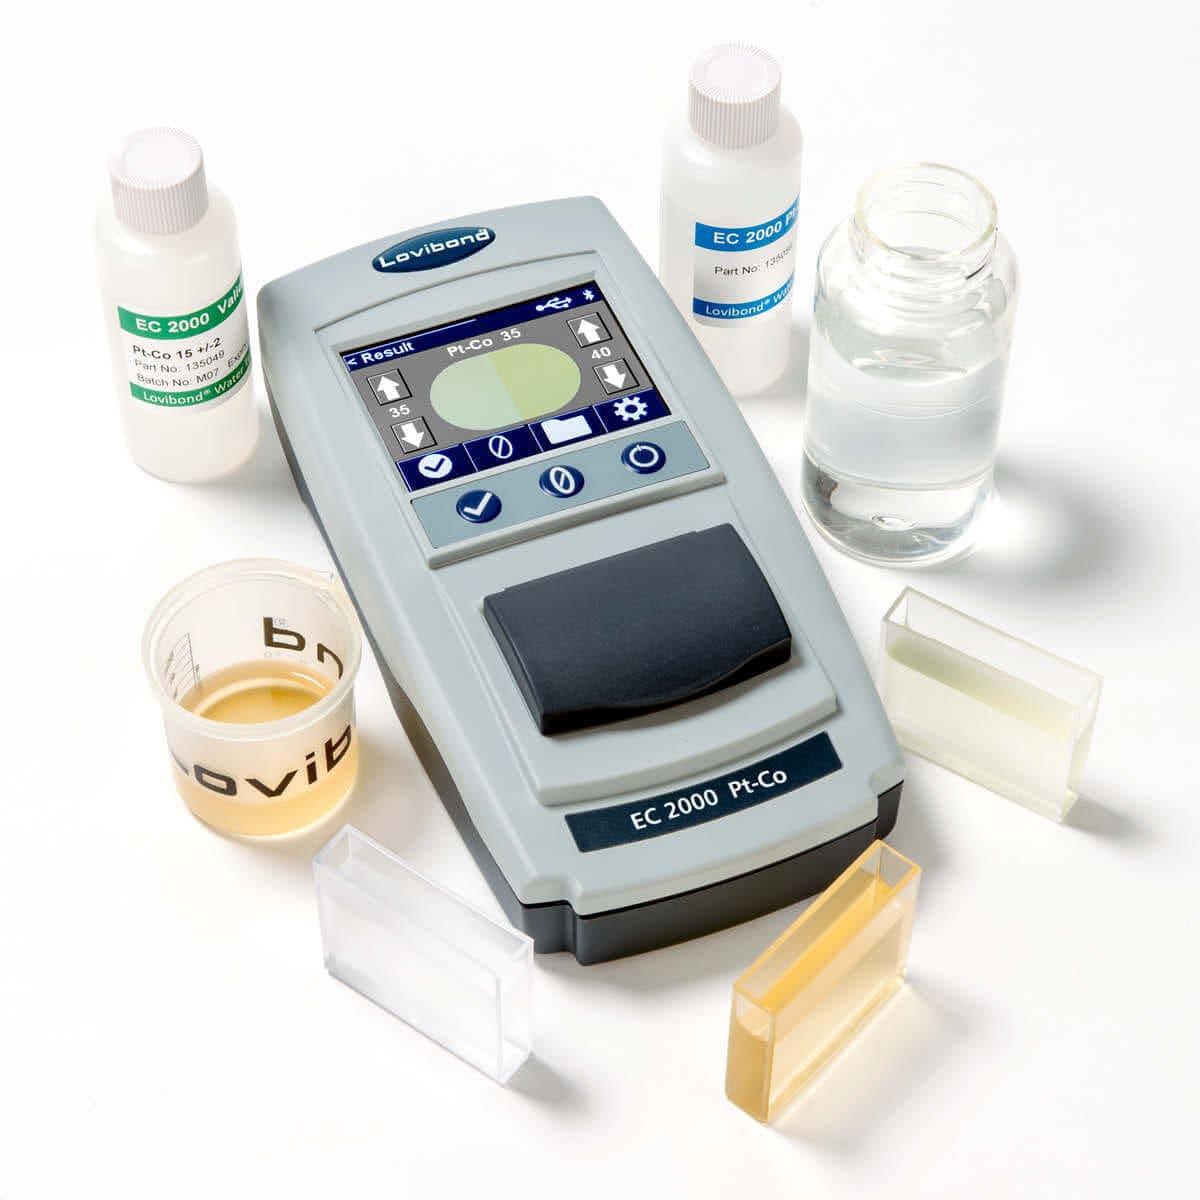 Colorimètre De Paillasse - Ec 2000 Pt-Co - Tintometer - Lovibond à Photomètre Piscine
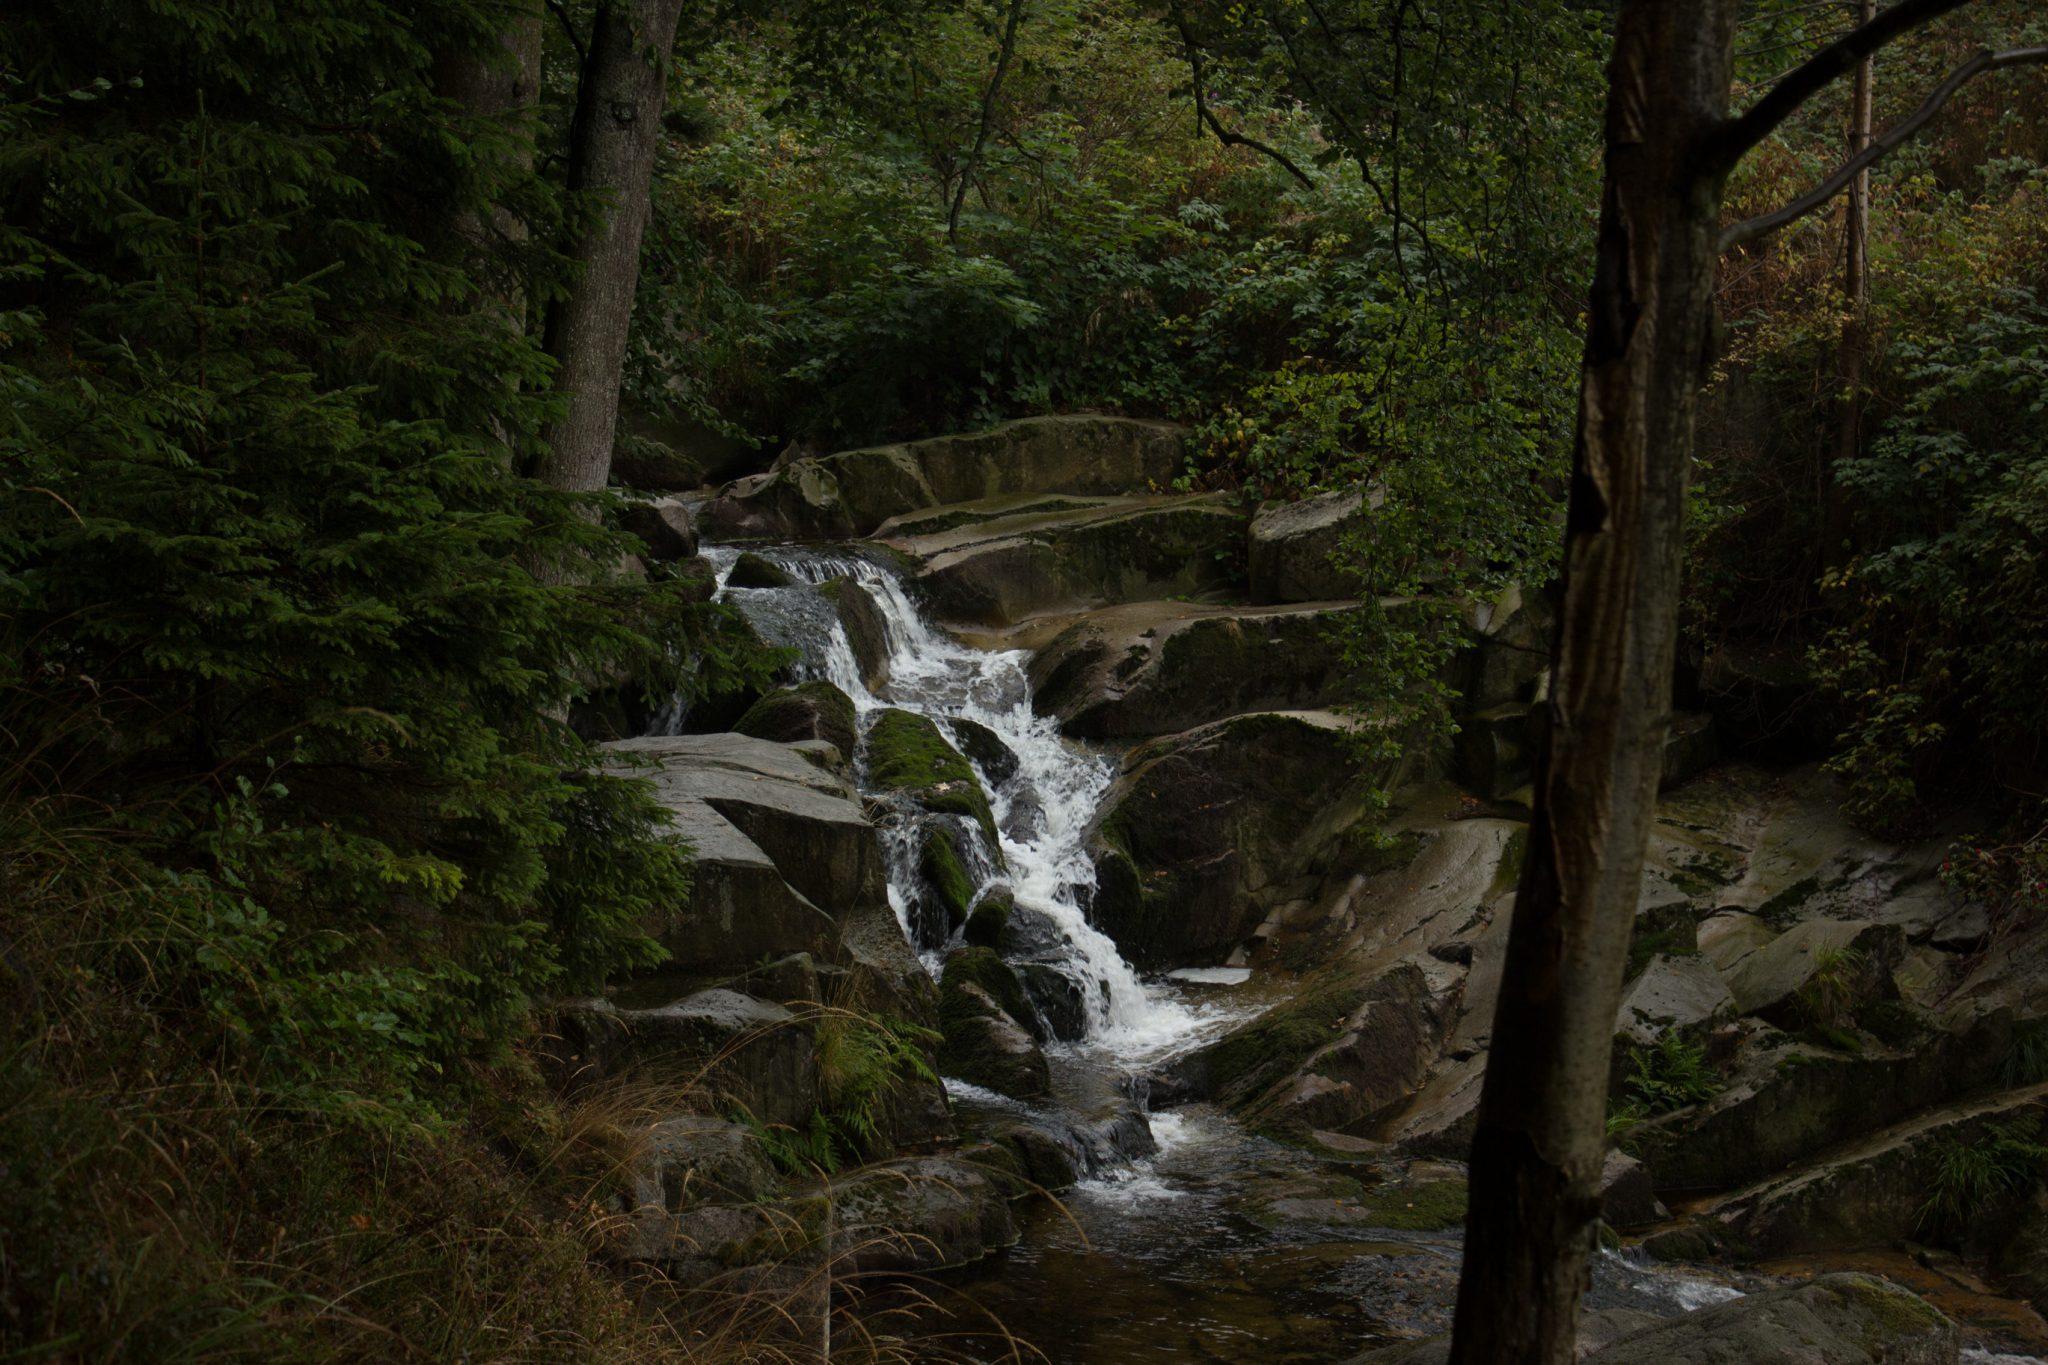 Wanderung Brocken über Heinrich-Heine-Weg, Start in Ilsenburg, Nationalpark Harz, schöner Wanderweg im Wald entlang des Fluß Ilse, kleiner Wasserfall, atmosphärisch, herrliche frische Luft, viele Laubbäume, über Stock und Stein über schmalen Pfad
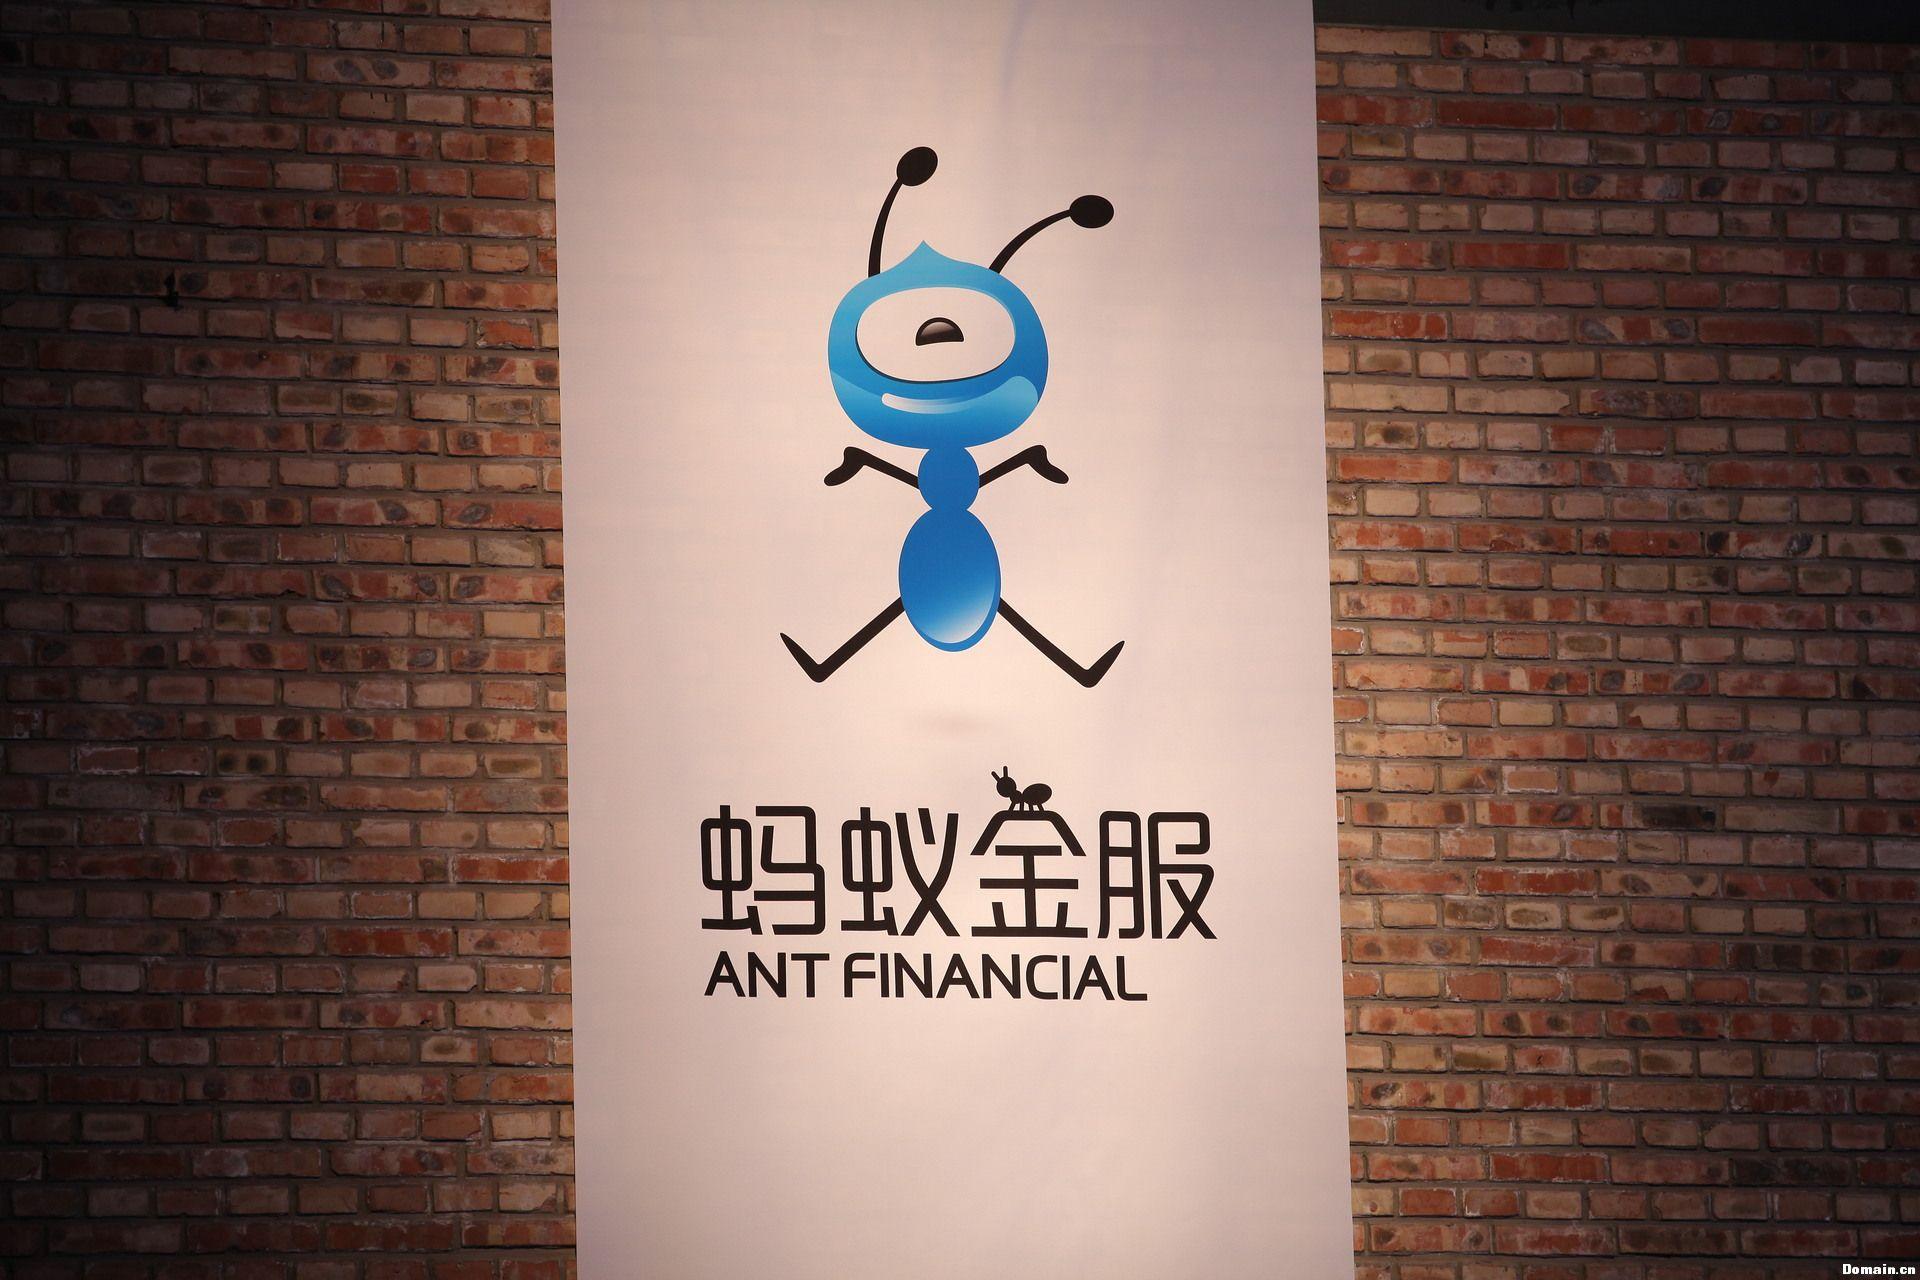 外媒曝蚂蚁金服或寻求美元融资?回应:正常运营
============================================================
To do ::
Word for word, restate the material above; do not carry over the pictures.

Output of the task ::
 Colorimètre De Paillasse - Ec 2000 Pt-Co - Tintometer - Lovibond à Photomètre Piscine
 Wanderung Brocken über Heinrich-Heine-Weg, Start in Ilsenburg, Nationalpark Harz, schöner Wanderweg im Wald entlang des Fluß Ilse, kleiner Wasserfall, atmosphärisch, herrliche frische Luft, viele Laubbäume, über Stock und Stein über schmalen Pfad
 外媒曝蚂蚁金服或寻求美元融资?回应:正常运营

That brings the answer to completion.